CAUTION: Do not mouse-click ComboFix's window while it is running. That may cause it to stall.
Note: the above code was created specifically for this user. If you are not this user, do NOT follow these directions as they could damage the workings of your system.
A word of warning: Neither I nor sUBs are responsible for any damage you may have caused your machine by running ComboFix on your own. This tool is not a toy and not for everyday use.
ComboFix SHOULD NOT be used unless requested by a forum helper
Kaspersky Online Scanner .
Your Antivirus and/or Antispyware may give a warning during the scan. This is perfectly normal
NOTE:- This scan is best done from IE (Internet Explorer)
NOTE:- Vista users should start IE by Start(Vista Orb) >> Internet Explorer >> Right-Click Run As Admin
Go Here http://www.kaspersky.com/kos/eng/partner/default/kavwebscan.html
Read the Requirements and limitations before you click Accept.

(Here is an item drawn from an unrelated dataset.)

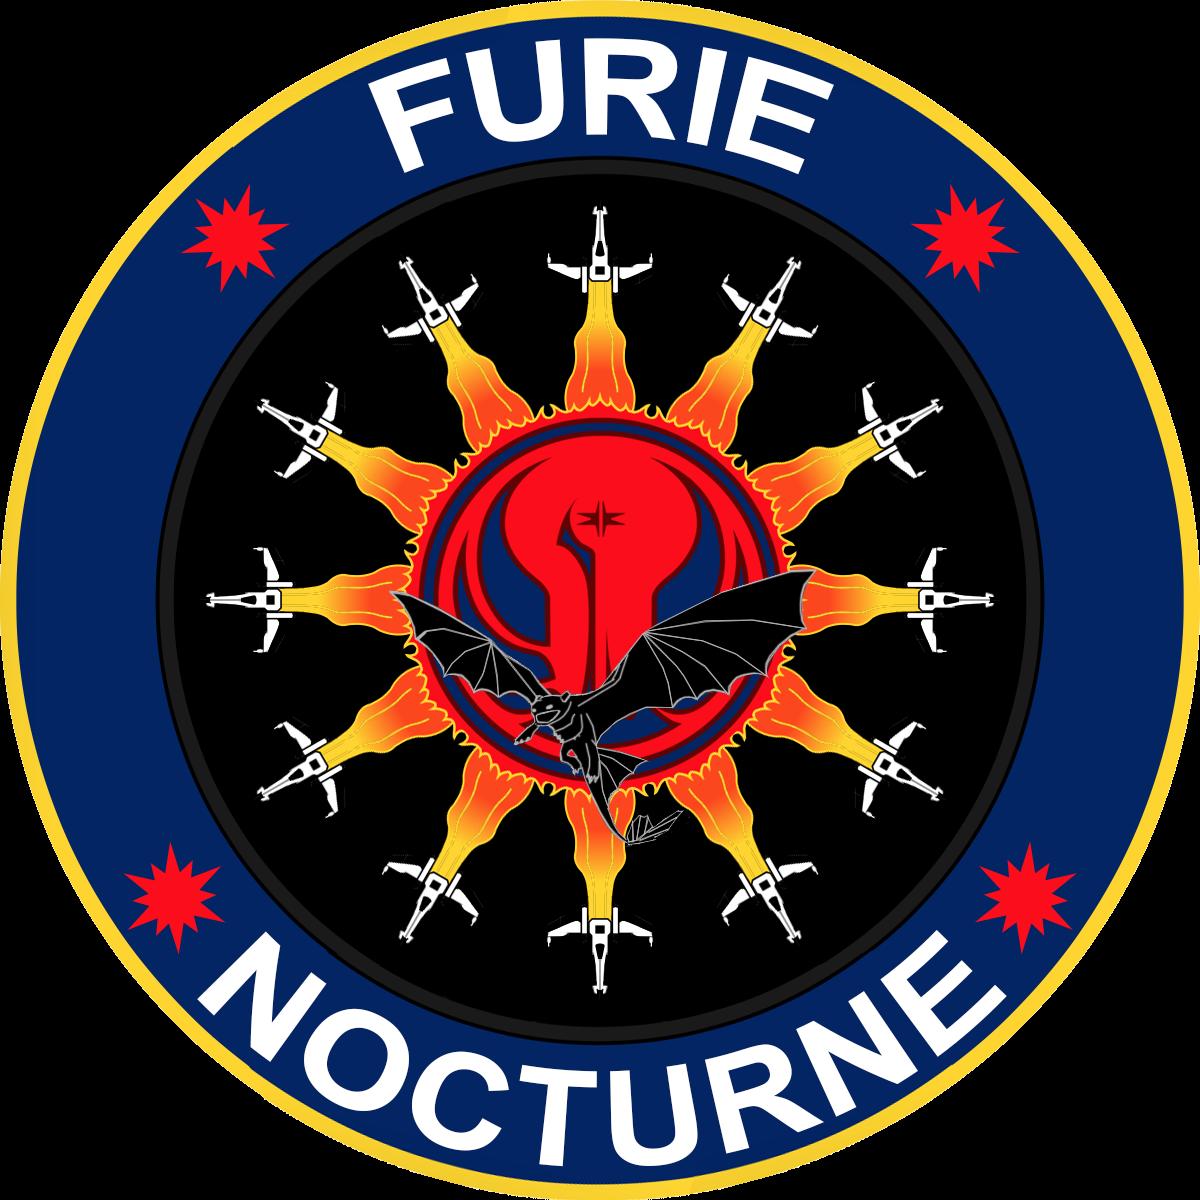 Un logo pour l'escadron ? Logo_Escadron_Furie_Nocturnebis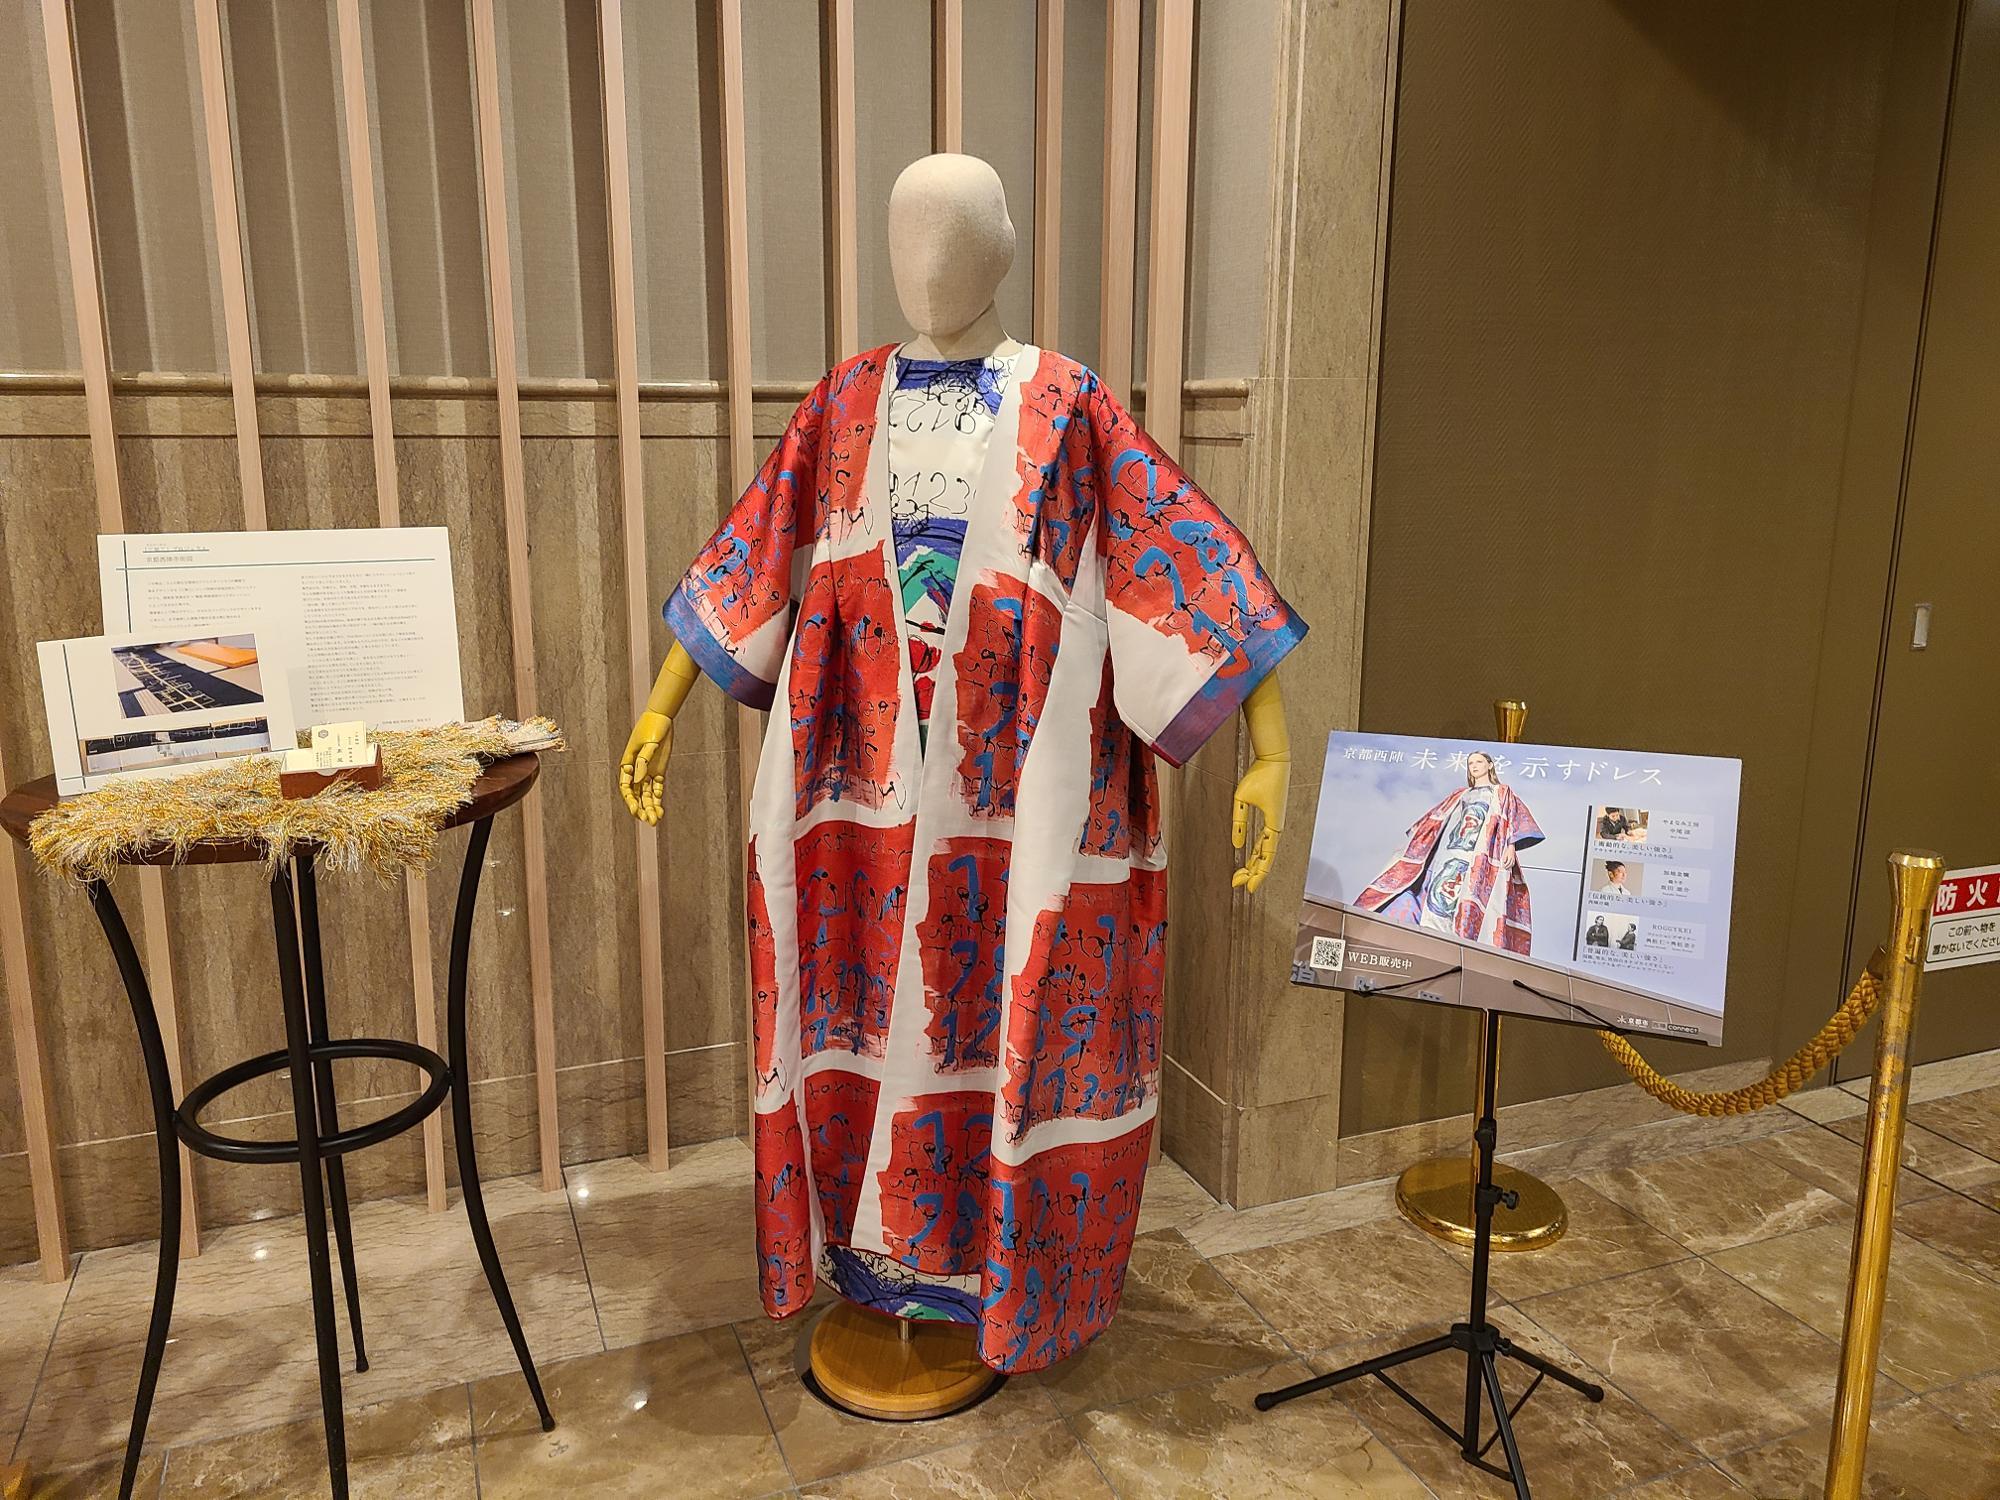 「西陣connect」展 ブライトンホテル

Once the database has downloaded, click My Computer in the left pane
Now go and put the kettle on !
When the scan has completed, click Save Report As...

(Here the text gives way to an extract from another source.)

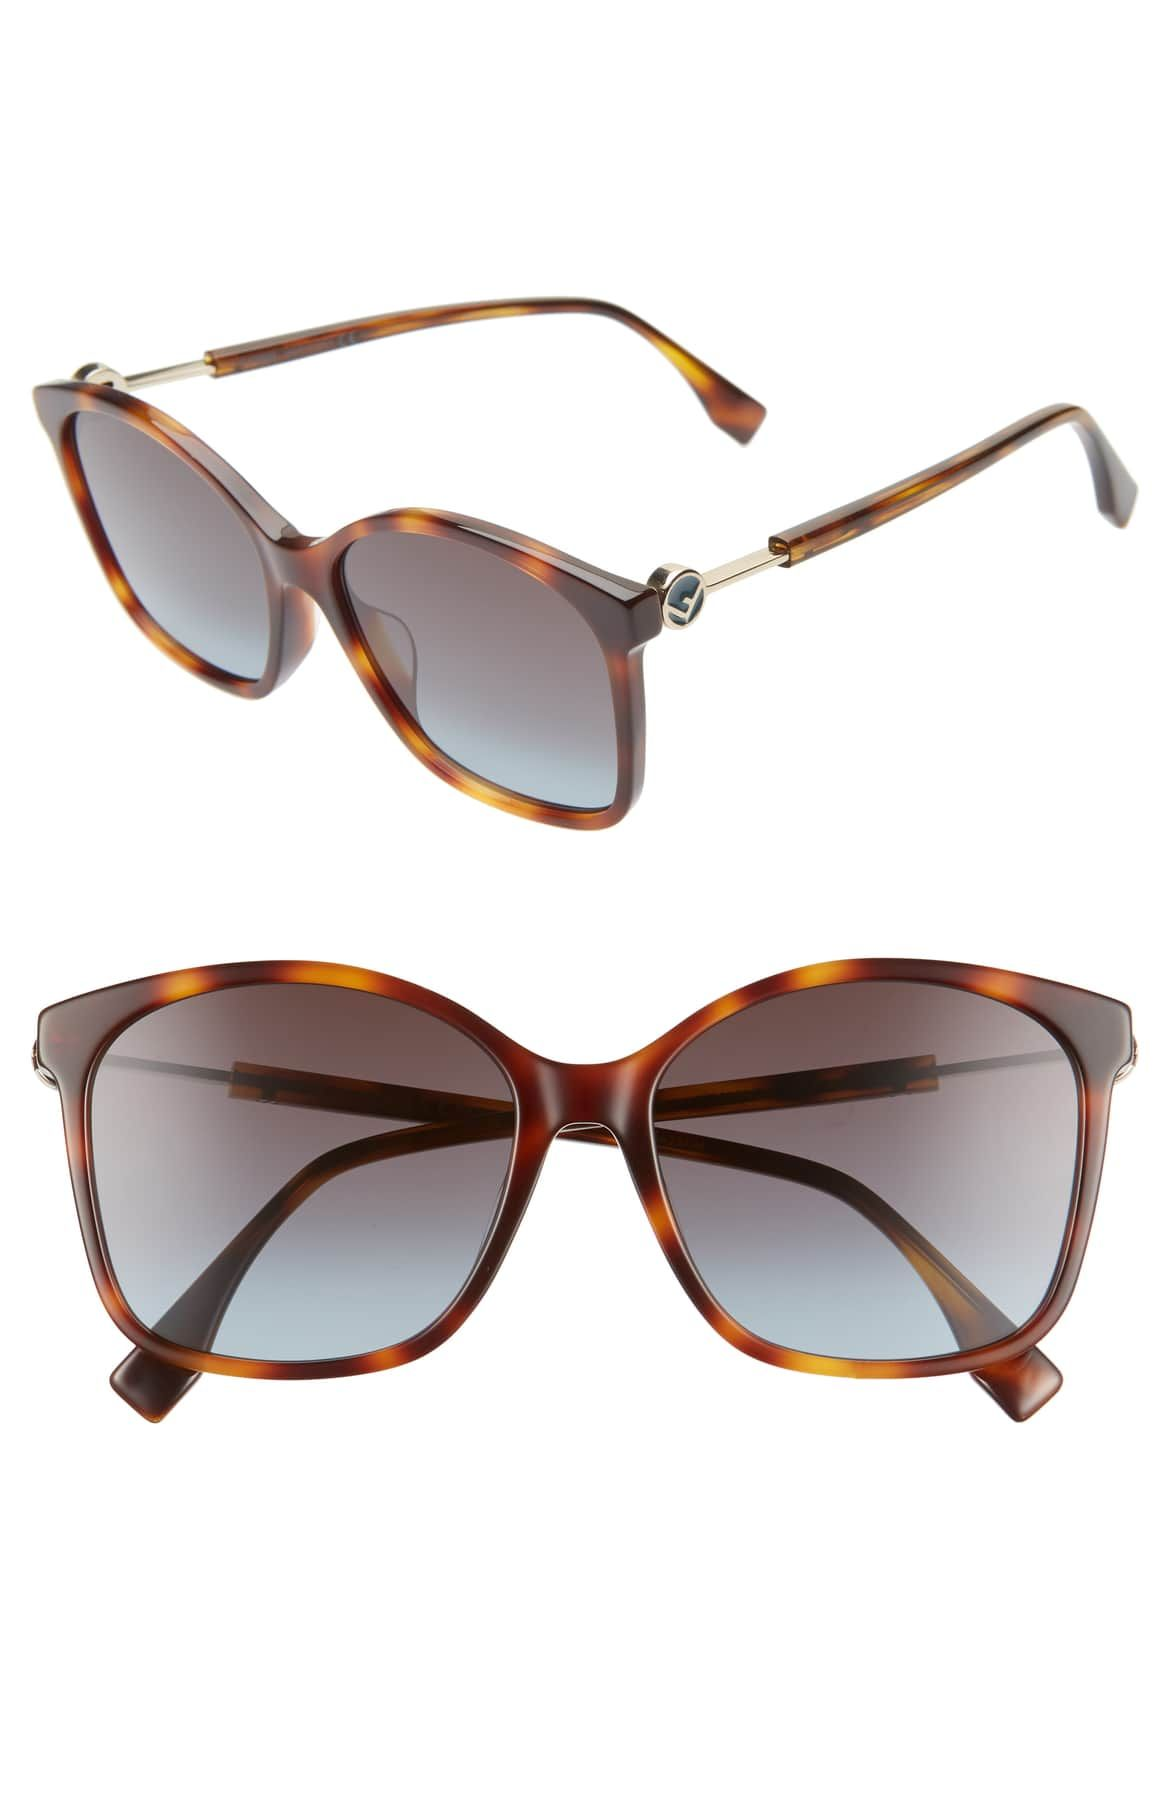 23c2fc2478c18 FENDI 57mm Special Fit Sunglasses

Enter a name for the file in the Filename: text box and then click the down arrow to the right of Save as type: and select text file (*.txt)
Click Save - by default the file will be saved to your Desktop, but you can change this if you wish.
**Note**
To optimize scanning time and produce a more sensible report for review: Close any open programs.

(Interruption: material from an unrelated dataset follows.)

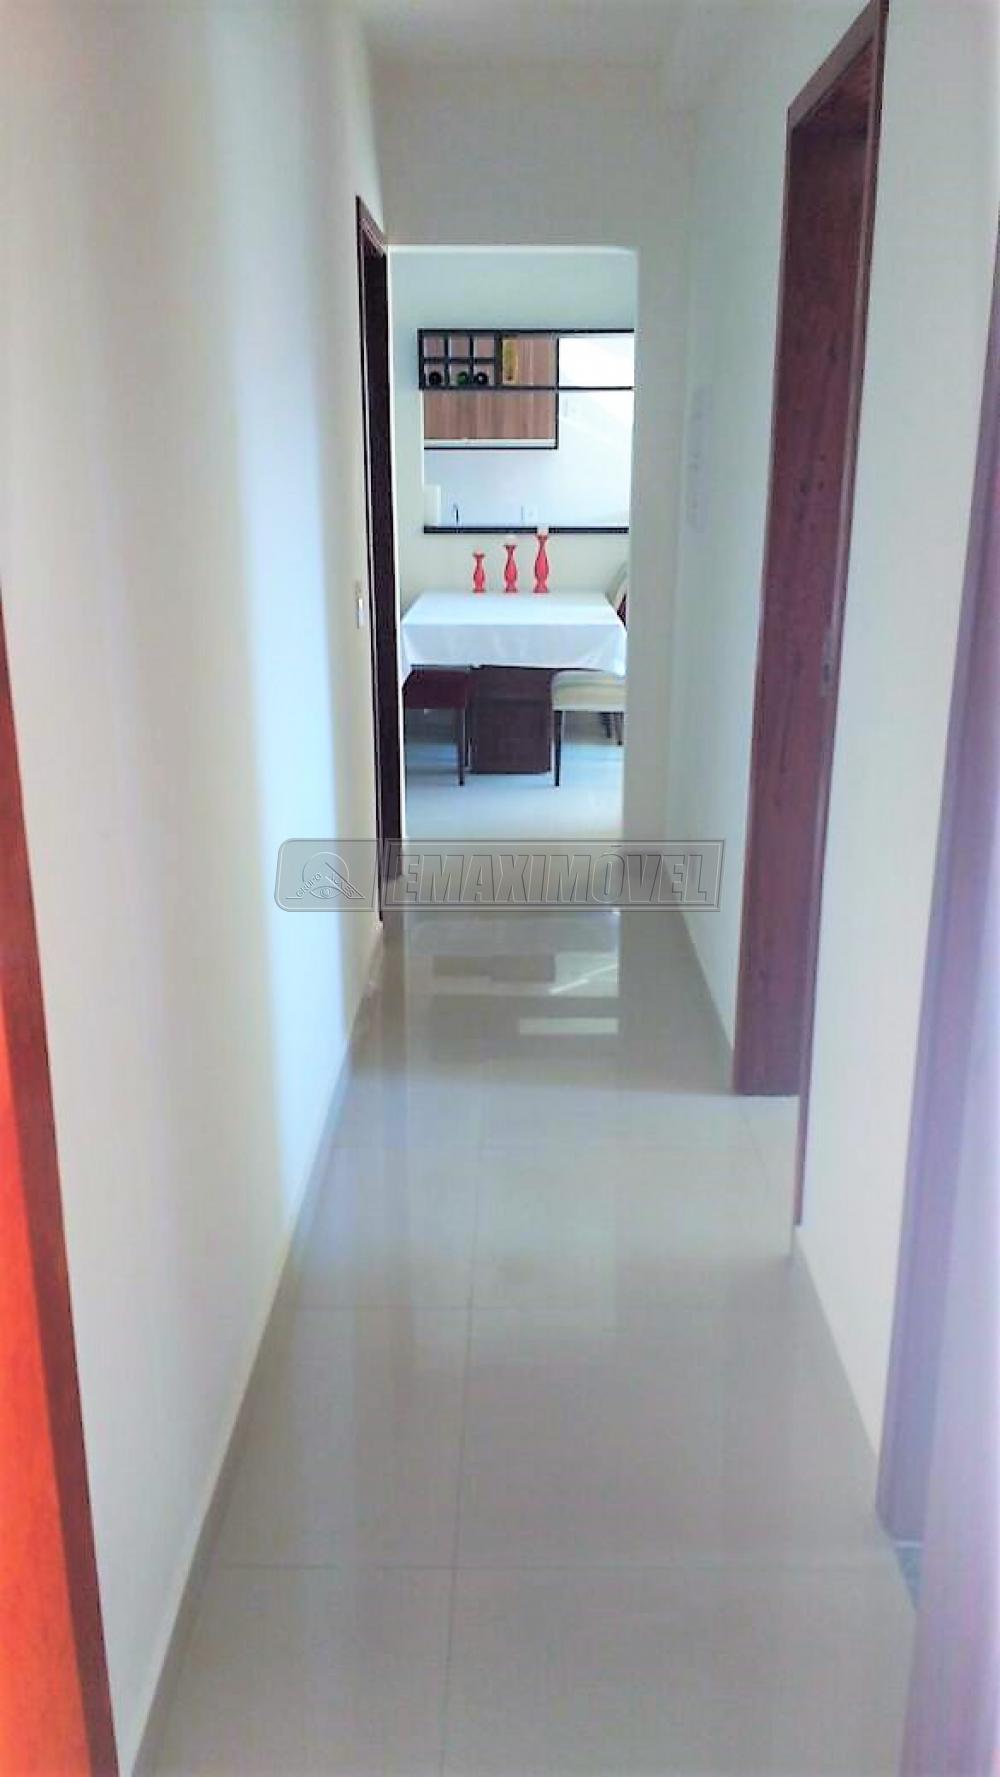 Comprar Apartamentos / Apto Padrão em Sorocaba apenas R$ 370.000,00 - Foto 7

Turn off the real-time scanner of all antivirus or antispyware programs while performing the online scan.
Note for Internet Explorer 7 users: If at any time you have trouble viewing the accept button of the license, click on the Zoom tool located at the bottom right of the IE window and set the zoom to 75%. Once the license is accepted, reset to 100%.
hanabishi
2008-12-13, 22:47
Before i begin the kaspersky scan, i would like to know one thing: you stated that "This scan is best done from IE" so does that mean that if i do it from firefox the results will not be as good?
Some people have had trouble doing the scan in Firefox, no obvious reason why but there you go.
It's not a case of the results not being as good, it's more the fact that the scan may not run at all.
If it runs in Firefox for you, that is fine.